(Ben Cope)
If you saw Nisha Ganatra’s Freakier Friday in theaters last weekend, you might have been wondering who the young actress playing the angsty teenage daughter this time around is. Unlike her on screen mother, Lindsay Lohan, Julia Butters isn’t a global movie star like LiLo was when Mark Waters’ Freaky Friday (2003) was released. Then again, it’s hard to find many big stars under the age of 18 these days in cinema, at least at the level Lindsay, Hilary Duff or Raven-Symoné were in the 2000s. For Julia, this might actually work in her favor. Not only because she seemingly gets to be a teenager without paparazzi and reporters bothering her, but because she actually grew up in Los Angeles and has family who work in the film industry too. Her father, Darrin Butters, is apparently a major animator for Walt Disney Studios and has had jobs on movies including Chris Buck & Jennifer Lee’s Frozen (2013), Jared Bush, Byron Howard & Rich Moore’s Zootopia (2016) and Ron Clements & John Musker’s Moana (2016). Julia is lowkey one of the more recent ‘nepo babies’ to hit Hollywood, meaning she probably hasn’t felt pressure to be a child star like kids with typical stage parents do. In fact, her resume doesn’t even feature many family friendly projects and she was usually cast as the token cute kid while starting out.

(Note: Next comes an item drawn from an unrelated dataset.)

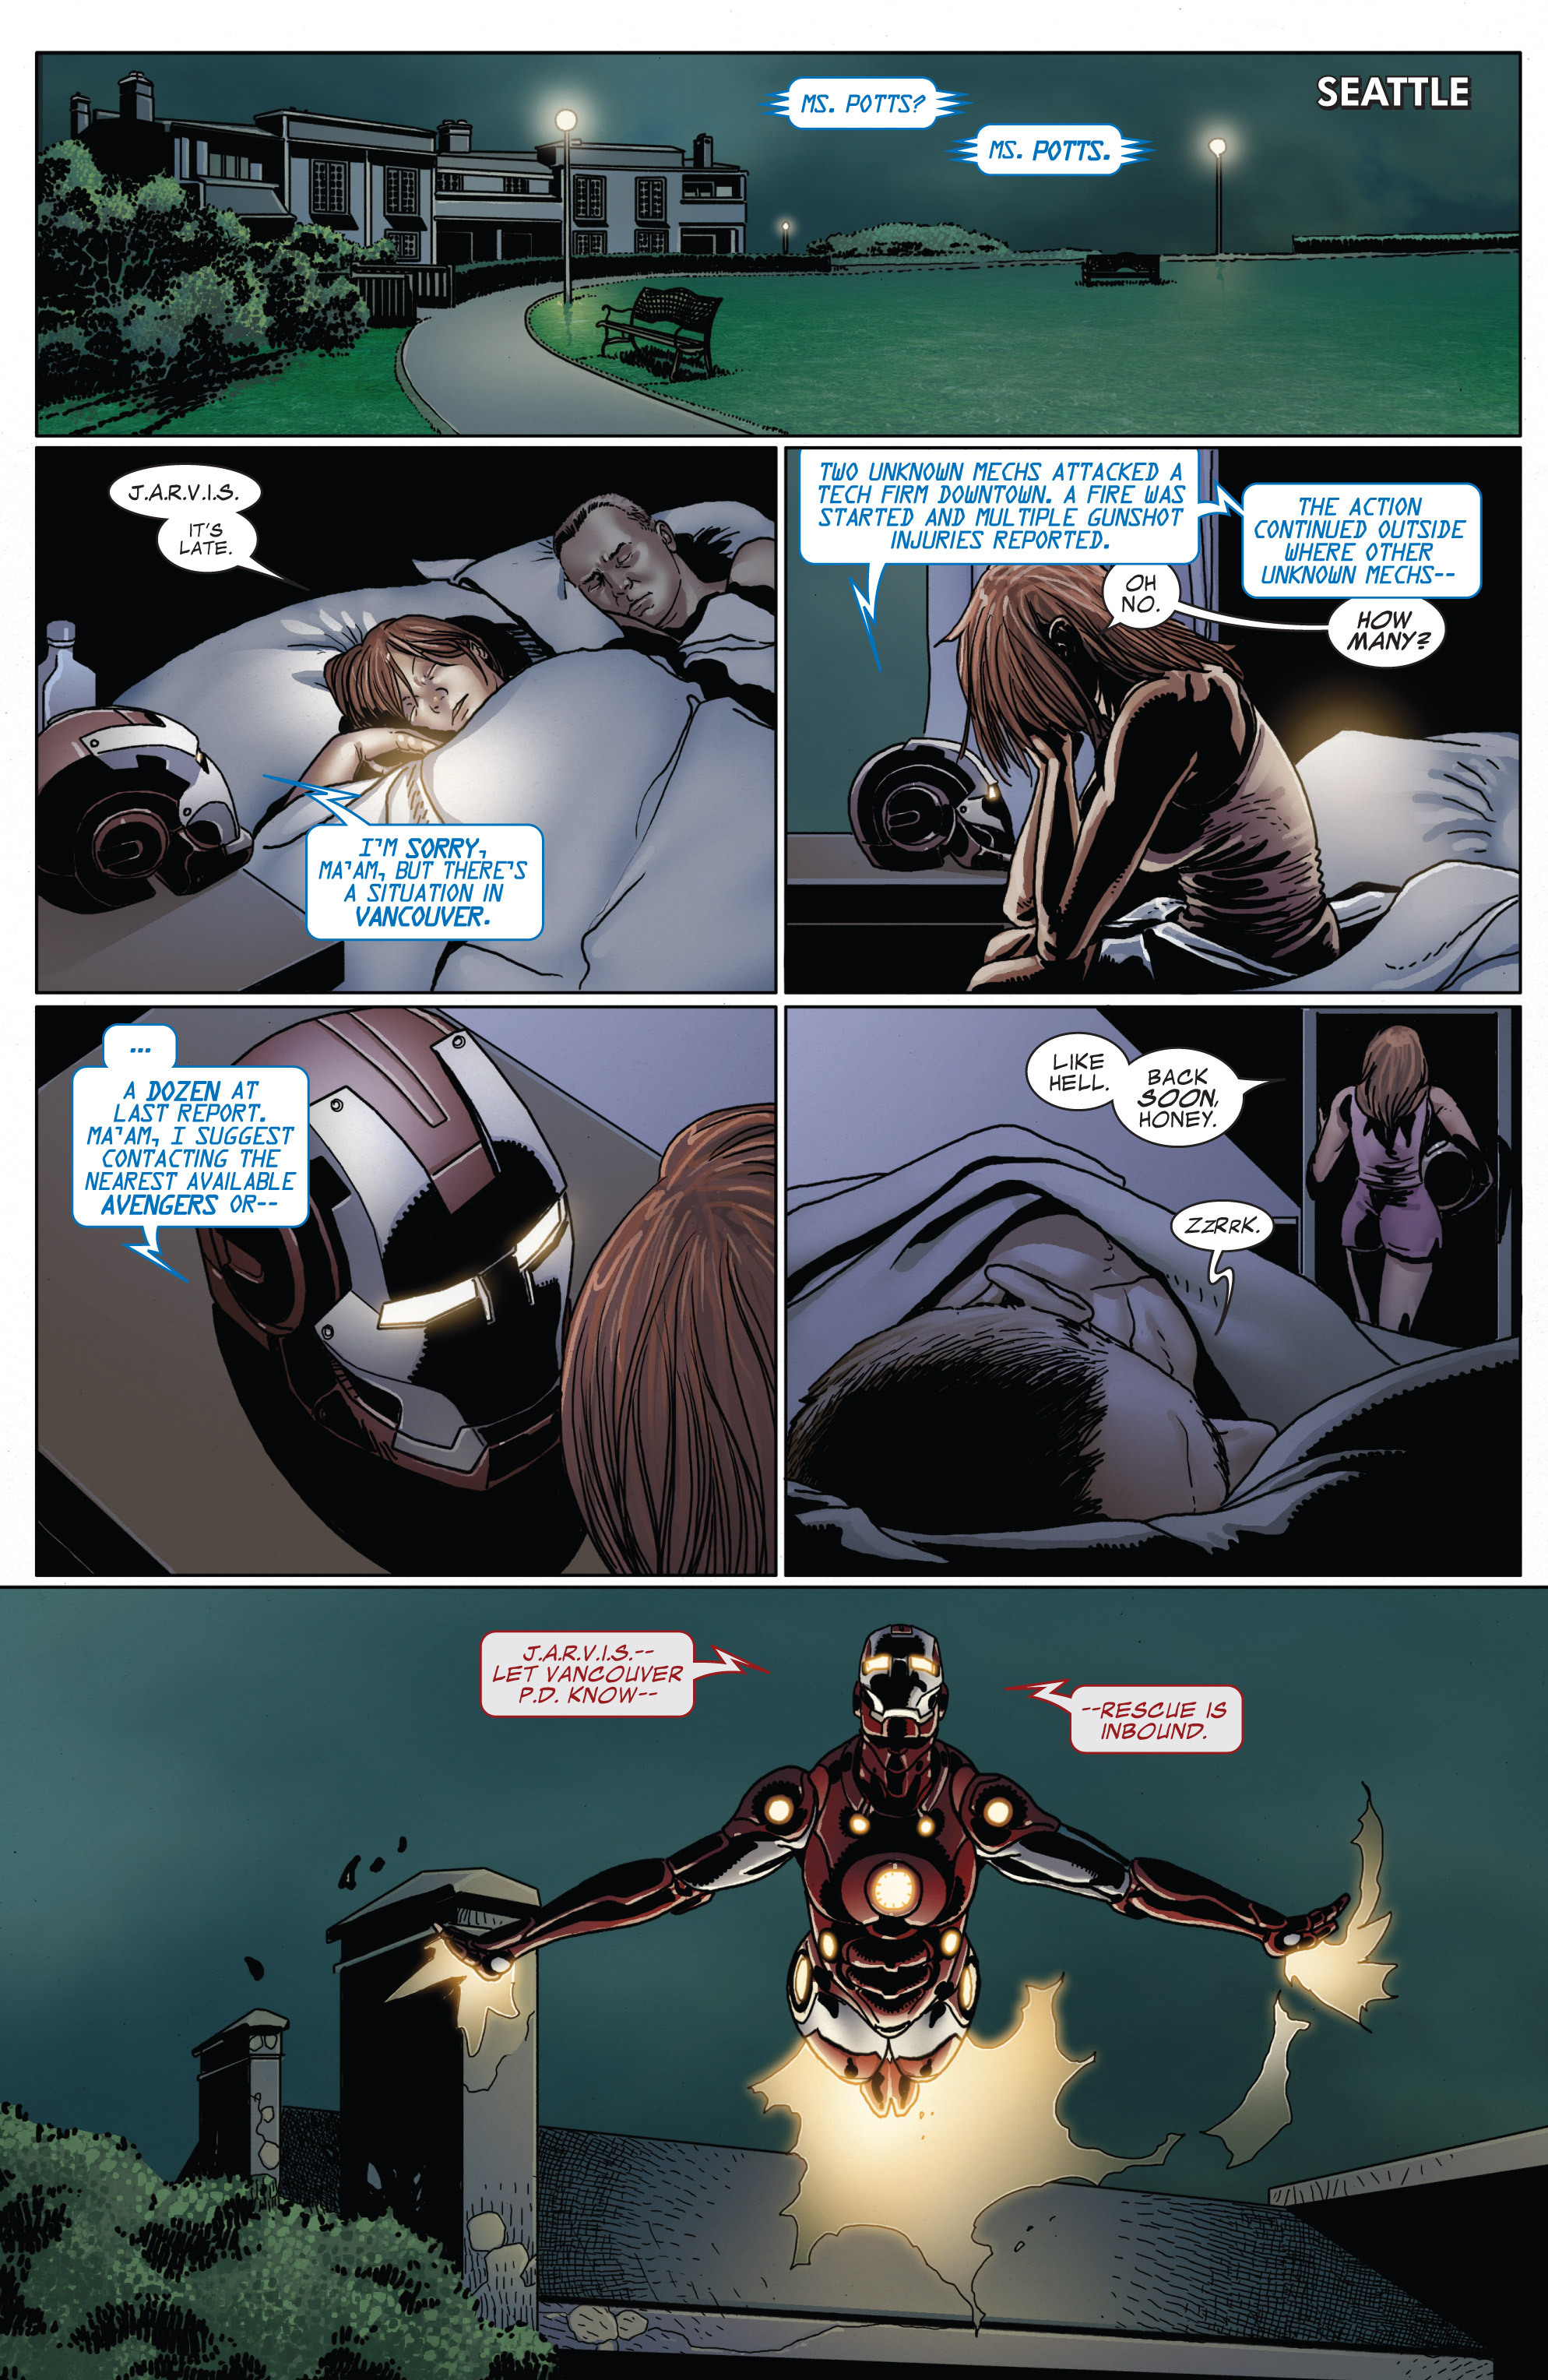 Invincible Iron Man (2008) 522 Page 7

(Andrew Cooper / Sony Pictures)
At age 5, Julia’s first on-screen credit was as the title character of the 2014 episode ‘Gabby’ of CBS’ “Criminal Minds” and her first theatrical feature was Michael Bay’s 13 Hours (2016). Recurring roles on Amazon’s sitcom “Transparent” (2015-16) and ABC’s dramedy “American Housewife” (2016-2020) followed, but I don’t think anyone was expecting the biggest scene-stealer of Quentin Tarantino’s retro pastiche Once Upon a Time in Hollywood (2019) to be a tiny 9-year-old girl. Many actors would feel intimidated performing opposite modern legends like Leonardo DiCaprio and Brad Pitt, but little Julia completely sold her one very memorable sequence in OUaTiH as the precocious co-star of Leo’s character while he’s working a TV gig. Julia’s scene-stealing rep carried over to the popular comedy sketch ‘Tammy Craps’ on Netflix’s “I Think You Should Leave” in 2021 and in Anthony & Joe Russo’s schlocky action flick The Gray Man (2022). The same year as the latter, Julia collaborated with her second auteur director, Steven Spielberg, with The Fabelmans, where she played a fictionalized portrayal of one of the filmmaker’s sisters. Now with Freakier Friday added to her filmography, we’ll see if Julia wants to continue acting fulltime as an adult in the near future, as Jodie Foster, Saoirse Ronan and the Fanning sisters have; or abandon the craft for a completely different career, like Shirley Temple, Quinn Cummings and the Olsen twins did. Personally, I think Julia has enough talent and charm to follow in the footsteps of fellow showbiz kids Dakota Johnson and Margaret Qualley if she has a strong support system and well-meaning team around her. But because she’s still so young, she has all the time she wants to decide too.